At first the most remarkable thing about the old man who was walking by, slightly hunched over but moving at a comfortable pace, were his long white whiskers (not beard, definitely whiskers), and his stained-blond mustache. But just as he passed by, I noticed the glasses taped to his head. The lenses and the front of the frames were intact, but there were two strips of blue masking tape stretched between his temples and the outer edges of the lenses.

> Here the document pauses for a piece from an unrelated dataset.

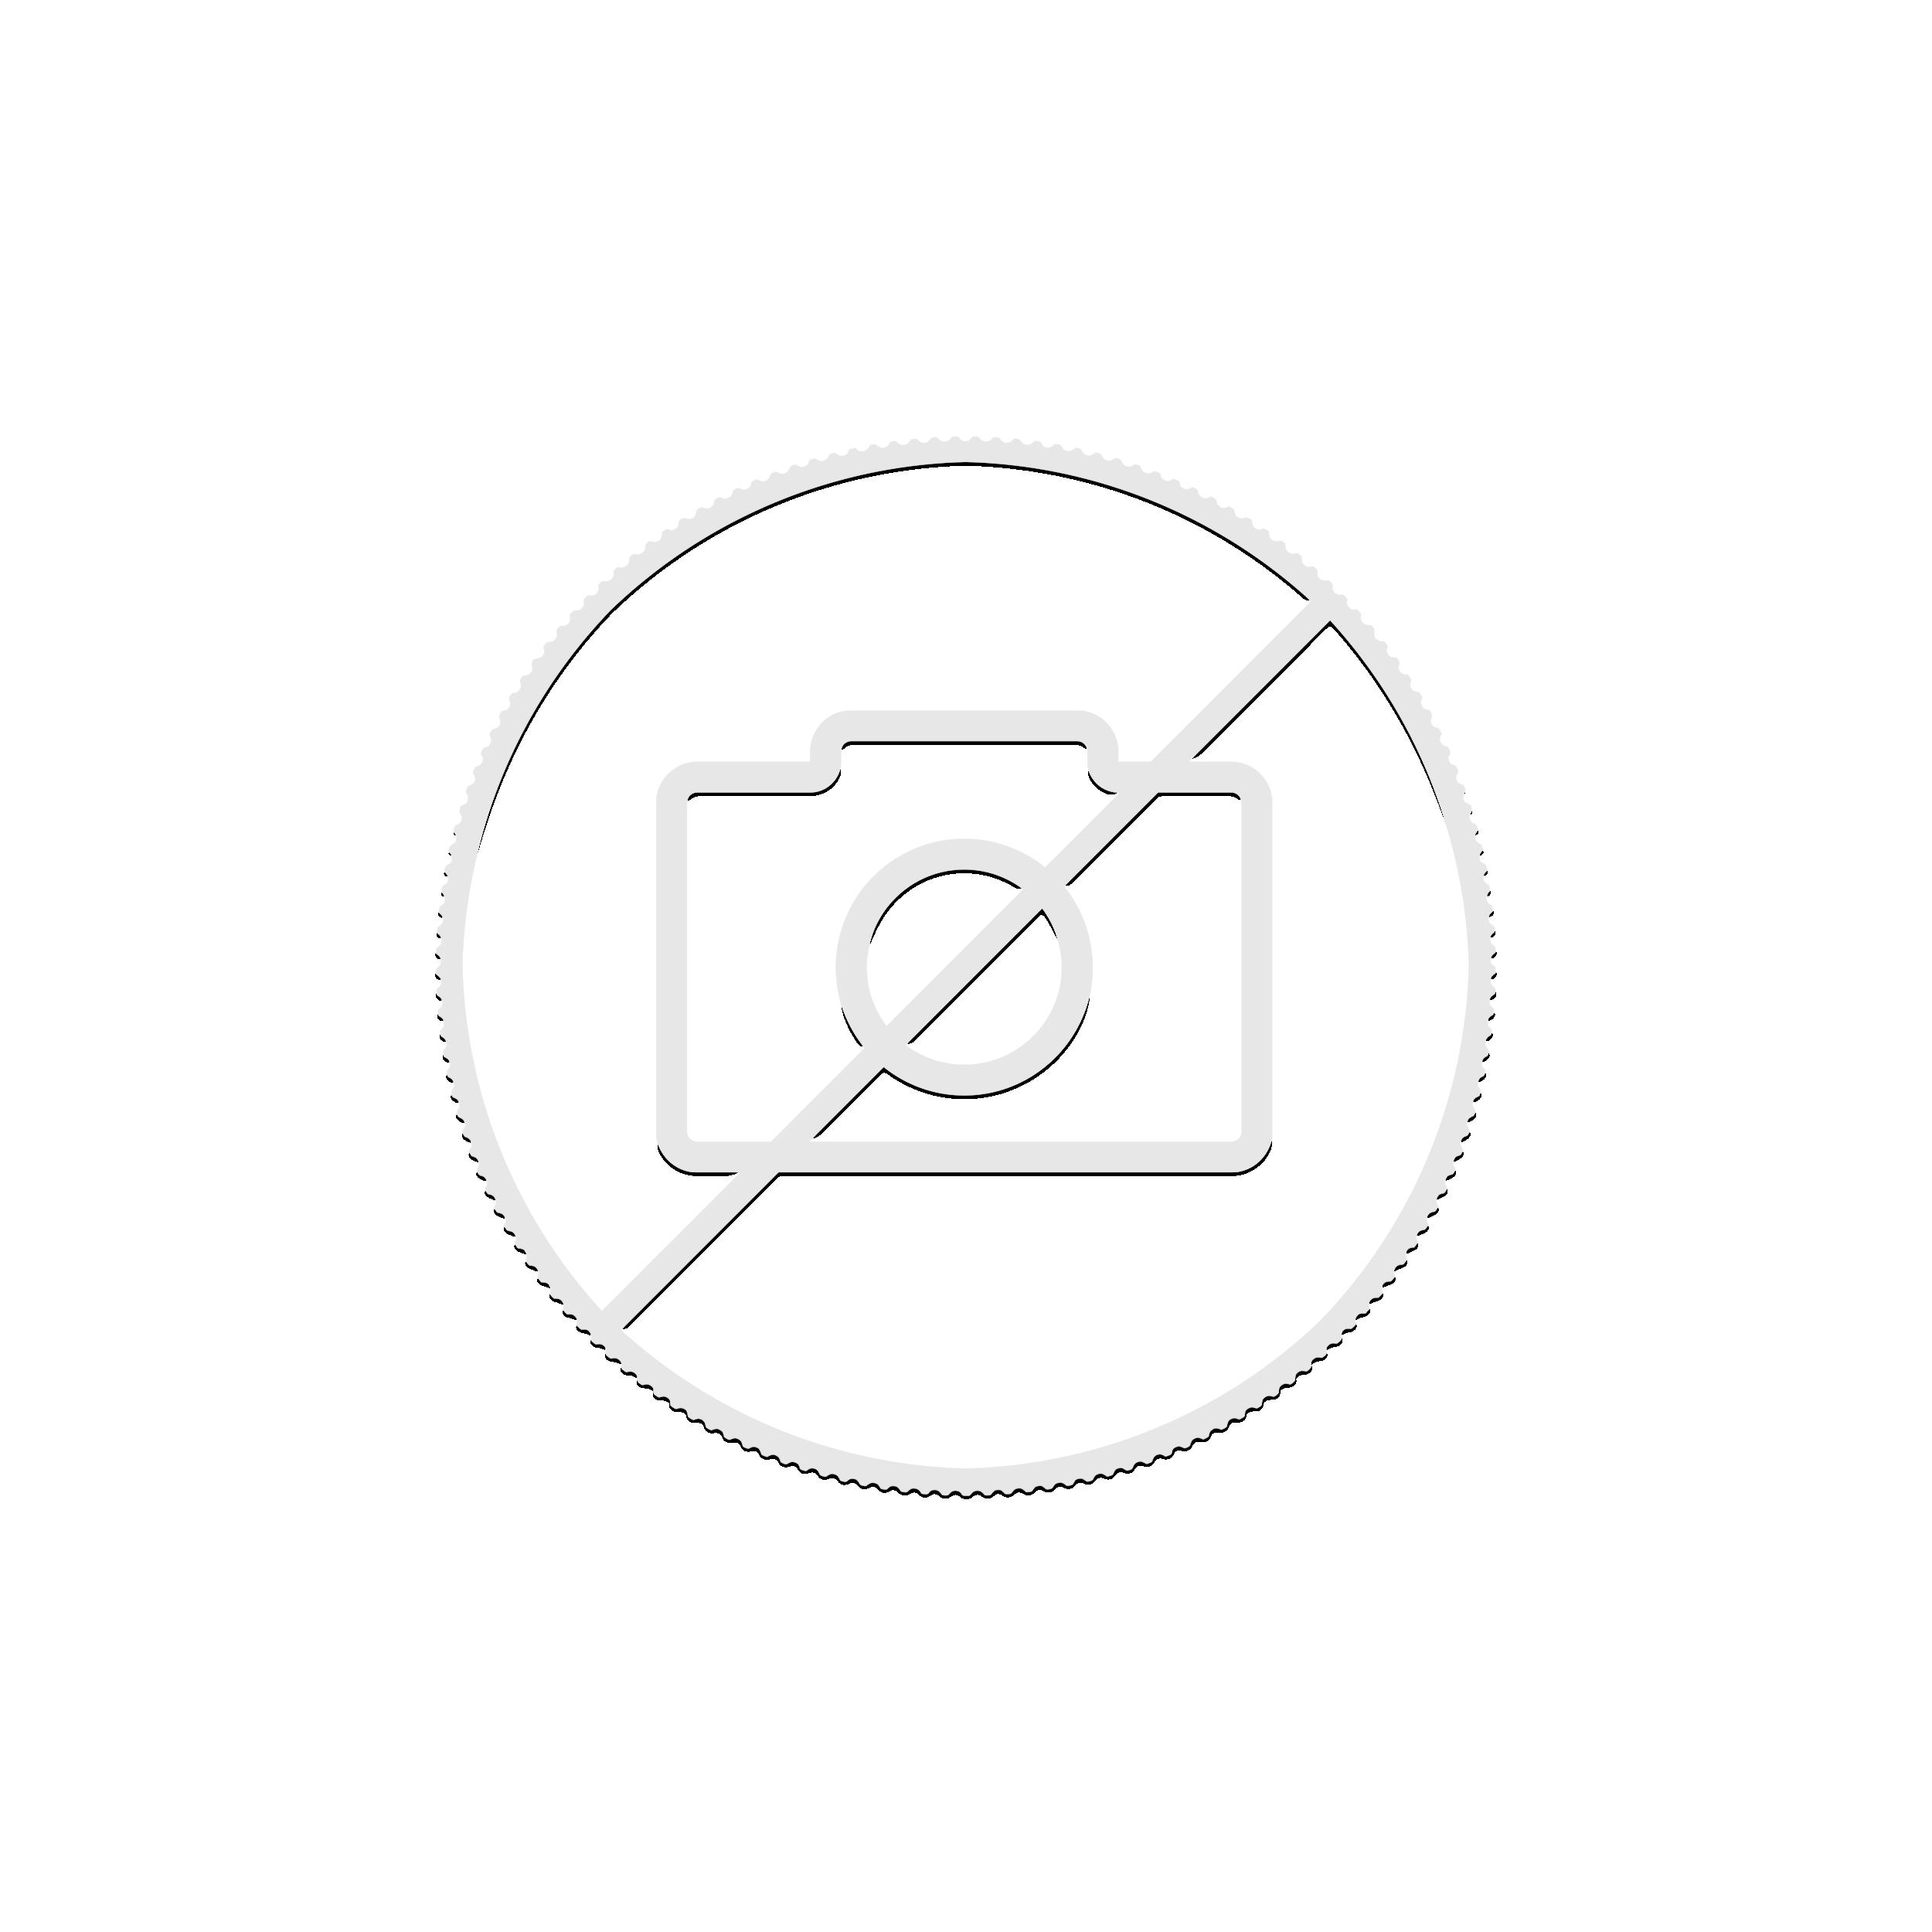 1 Kilo gouden munt Kangaroo 2018

A pack of twelve or fifteen kids, probably all under ten years old, were running around in the stairs that lead down through Pike Place Market. A couple of the kids stopped to look down at the daycare’s colorful playground. “Hey guys, look!” The rest of the kids came running back to admire the slide for a minute. A couple of adults eventually regained control and began herding the group further along toward their destination, and a passerby stopped to make small talk with a woman who was coaxing the last few stragglers along.
He said, “That’s quite a crew! Is it a school group?”
“No. It’s a Christian school,” the woman answered.
I was about to cross the street at a quiet corner a few blocks from home. I would have been jaywalking, except that a tall curly-headed guy ran up in front of me and stopped just one step away. He had come out of nowhere, as they say. He quickly closed the narrow distance between us, almost brushing up against me. I took the space back again by making a half step backward. He looked me in the face and said with contempt, “This shit doesn’t work, dude!” He was referring to the little vial of clear liquid that he had just stuck up under my nose. I took a couple of more steps back, shrugging – slack-jawed and stupified. We had a three second standoff, ending when my new friend had gotten a good look at me. His agressive posture slumped and he said, “Oh. . . . I thought you were someone else.” He gave me an apologetic smile and turned to head back the way he came. I hesitated before resuming my interrupted street crossing (this time legal) and turned toward home. The two of us were walking in the same direction, on opposite sides of the street. He looked over a couple of times and said something, I didn’t hear what. About fifty yards up from the corner, he got into a sports car that had apparently been parked hastily – It was pointed against traffic and had one wheel on the curb.